Remove pass_cpb which is related to enable avx512 embedded broadcast from constant pool.
By optimizing vector movement to broadcast in ix86_expand_vector_move
during pass_expand, pass_reload/LRA can automatically generate an avx512
embedded broadcast, pass_cpb is not needed.
Considering that in the absence of avx512f, broadcast from memory is
still slightly faster than loading the entire memory, so always enable
broadcast.
benchmark:
https://gitlab.com/x86-benchmarks/microbenchmark/-/tree/vaddps/broadcast
The performance diff
strategy : cycles
memory :
1046611188
memory :
1255420817
memory :
1044720793
memory :
1253414145
average :
1097868397
broadcast :
1044430688
broadcast :
1044477630
broadcast :
1253554603
broadcast :
1044561934
average :
1096756213
But however broadcast has larger size.
the size diff
size broadcast.o
text data bss dec hex filename
137 0 0 137 89 broadcast.o
size memory.o
text data bss dec hex filename
115 0 0 115 73 memory.o
gcc/ChangeLog:
* config/i386/i386-expand.c
(ix86_broadcast_from_integer_constant): Rename to ..
(ix86_broadcast_from_constant): .. this, and extend it to
handle float mode.
(ix86_expand_vector_move): Extend to float mode.
* config/i386/i386-features.c
(replace_constant_pool_with_broadcast): Remove.
(remove_partial_avx_dependency_gate): Ditto.

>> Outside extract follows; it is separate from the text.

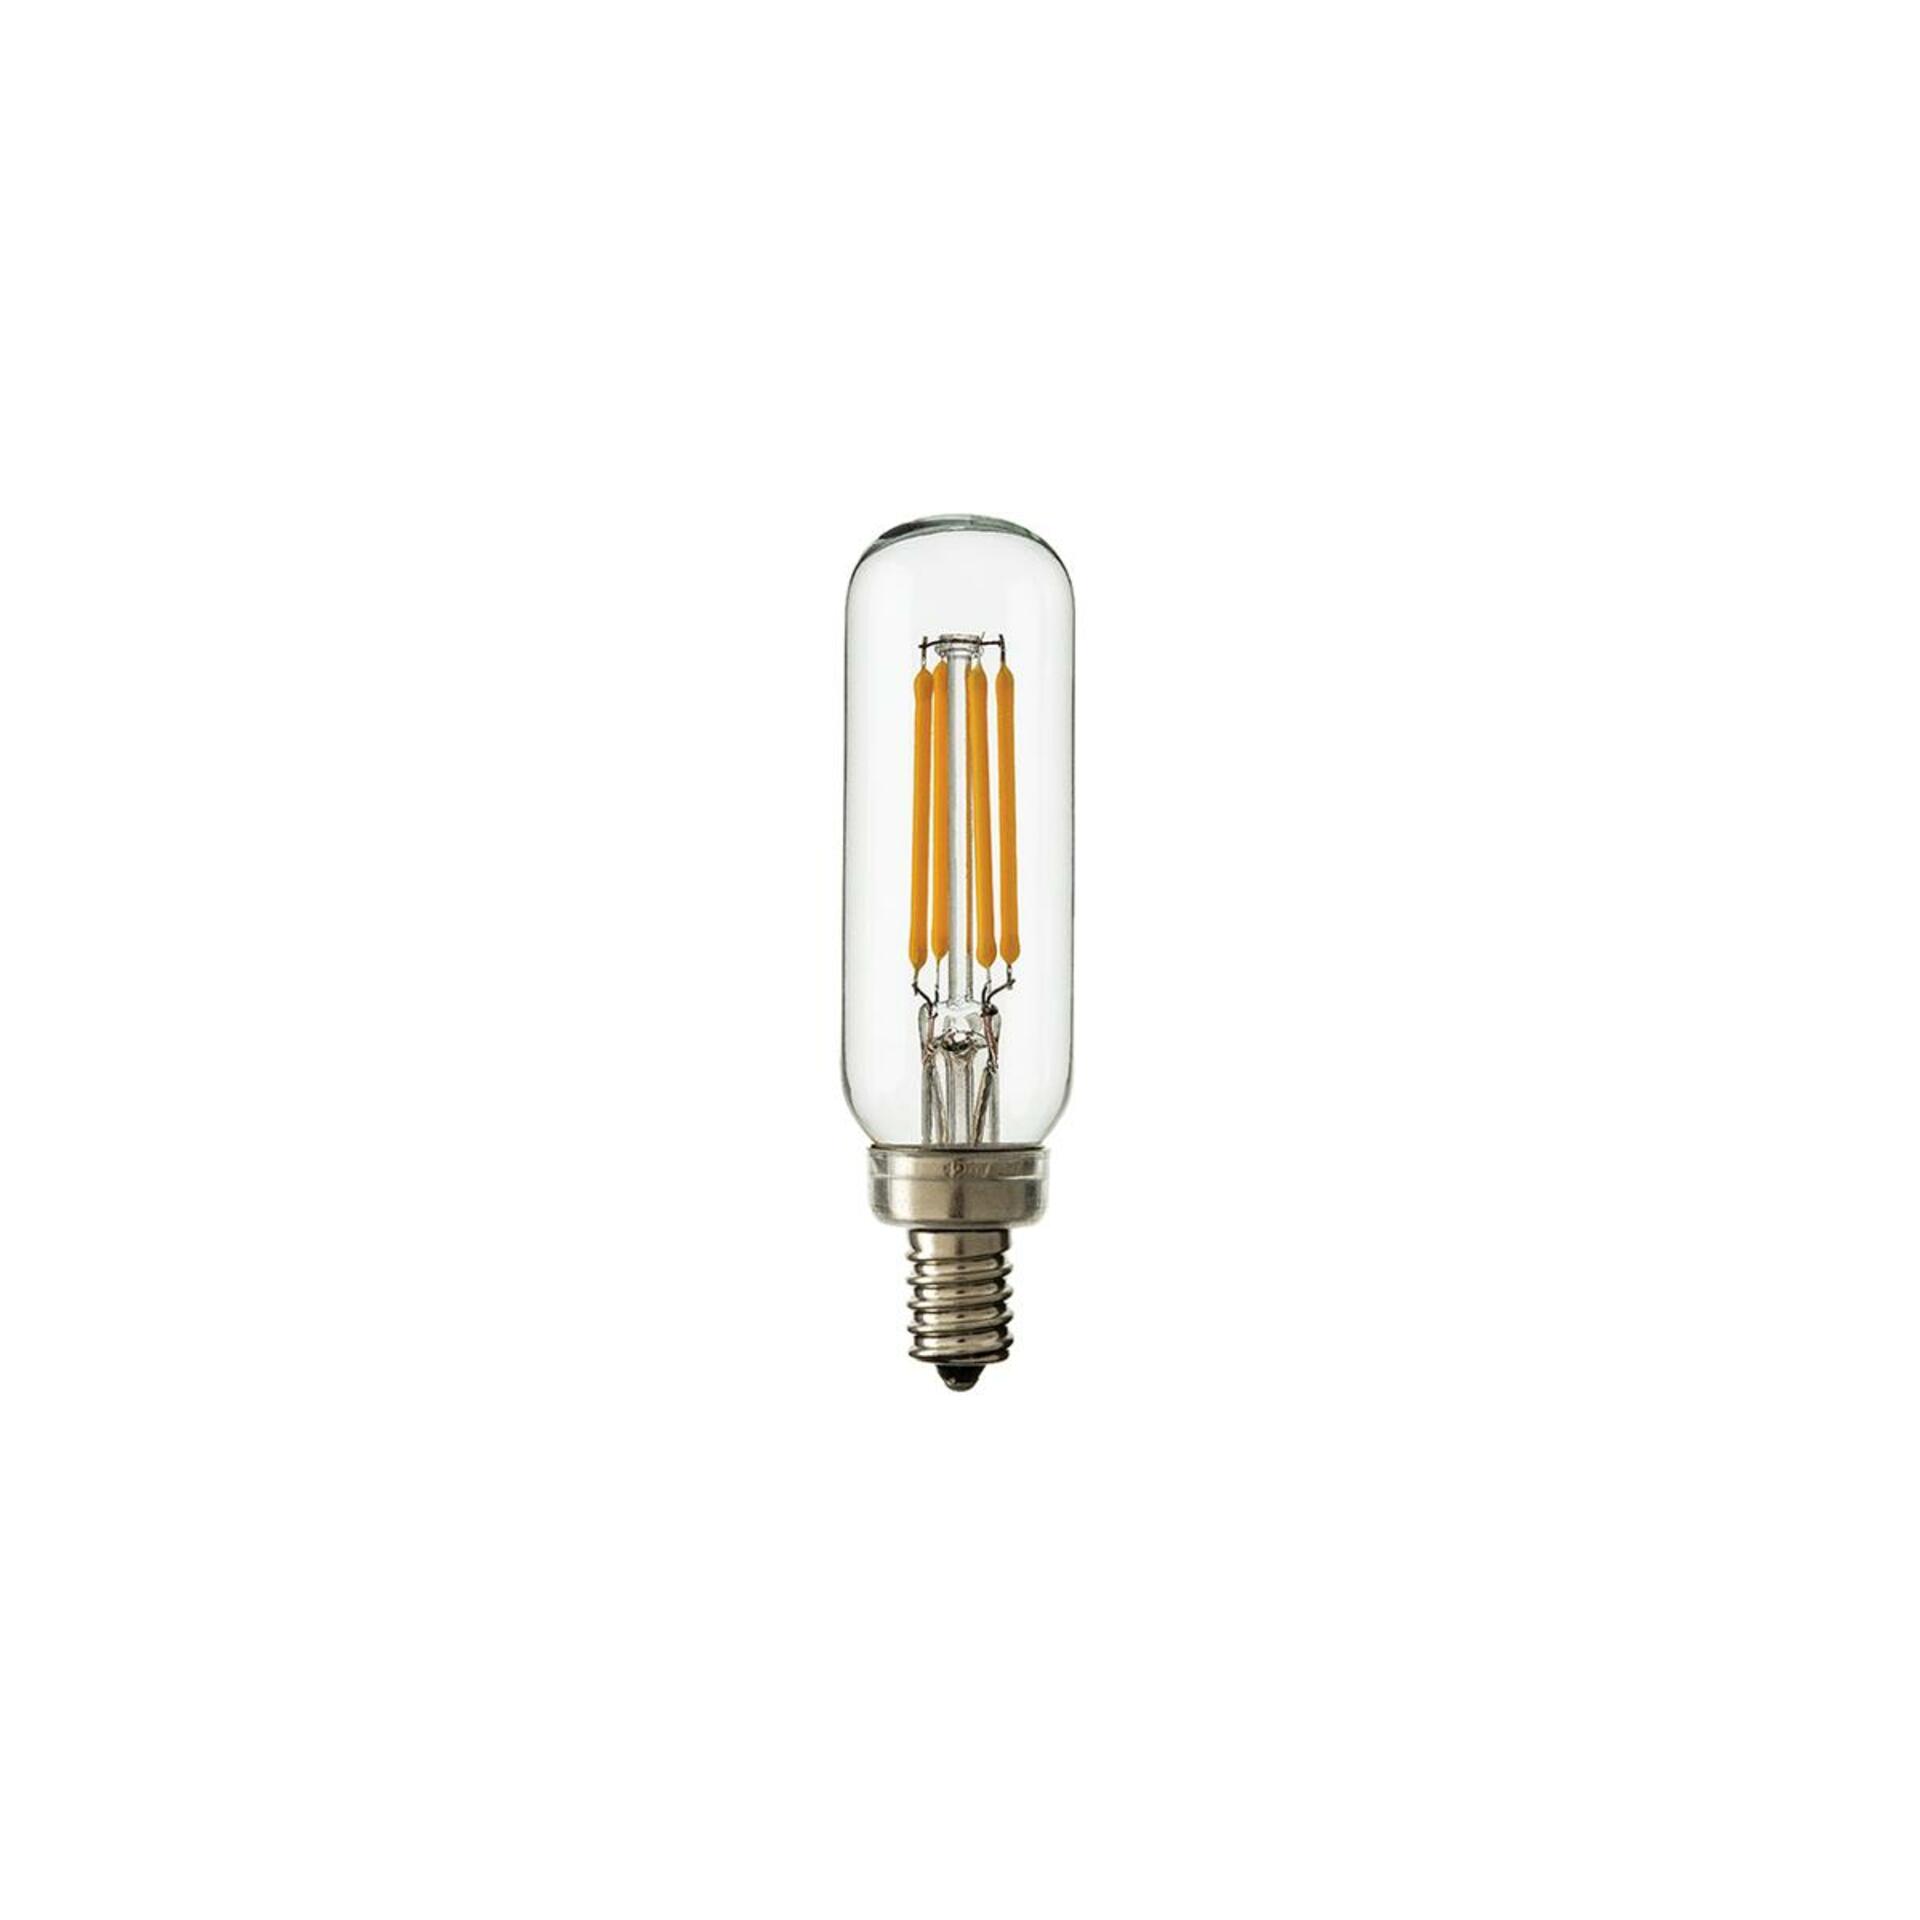 HUDSON VALLEY LED žárovka trubková 3W E14 230V čirá stmívatelná 4ks BLB-3W-T8-CE-4-PACK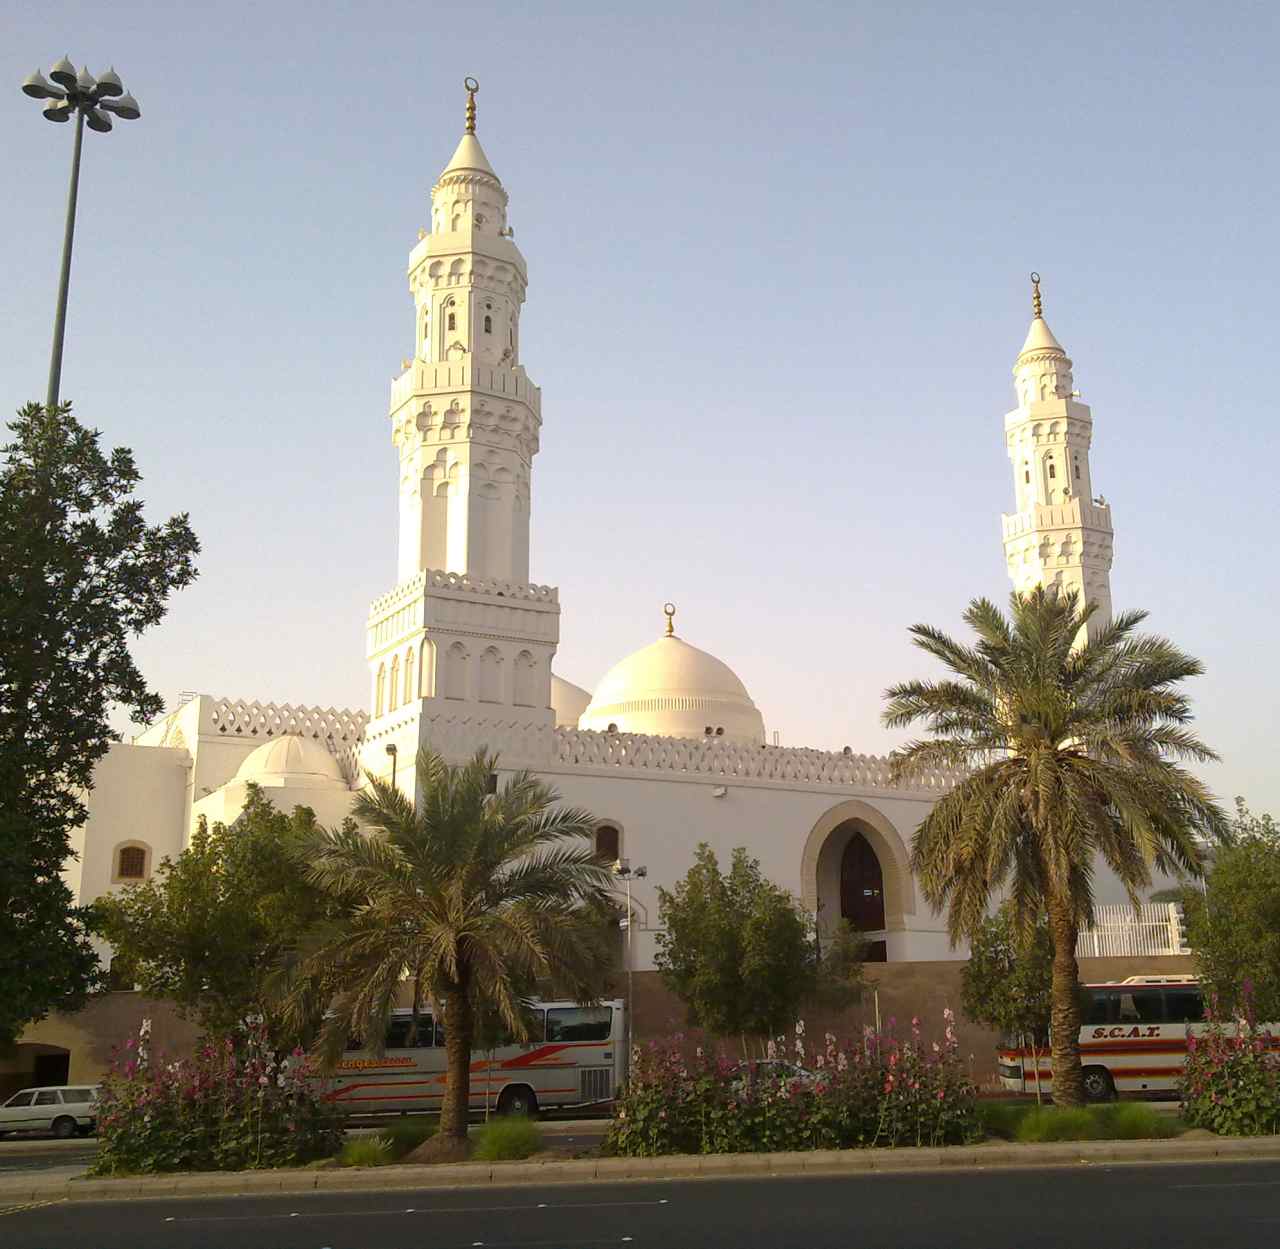 Masjid Al Qiblatayn mosque, Medina, Saudi Arabia

(constant_pool_broadcast): Ditto.
(class pass_constant_pool_broadcast): Ditto.
(make_pass_constant_pool_broadcast): Ditto.
(remove_partial_avx_dependency): Adjust gate.
* config/i386/i386-passes.def: Remove pass_constant_pool_broadcast.
* config/i386/i386-protos.h
(make_pass_constant_pool_broadcast): Remove.
gcc/testsuite/ChangeLog:
* gcc.target/i386/fuse-caller-save-xmm.c: Adjust testcase.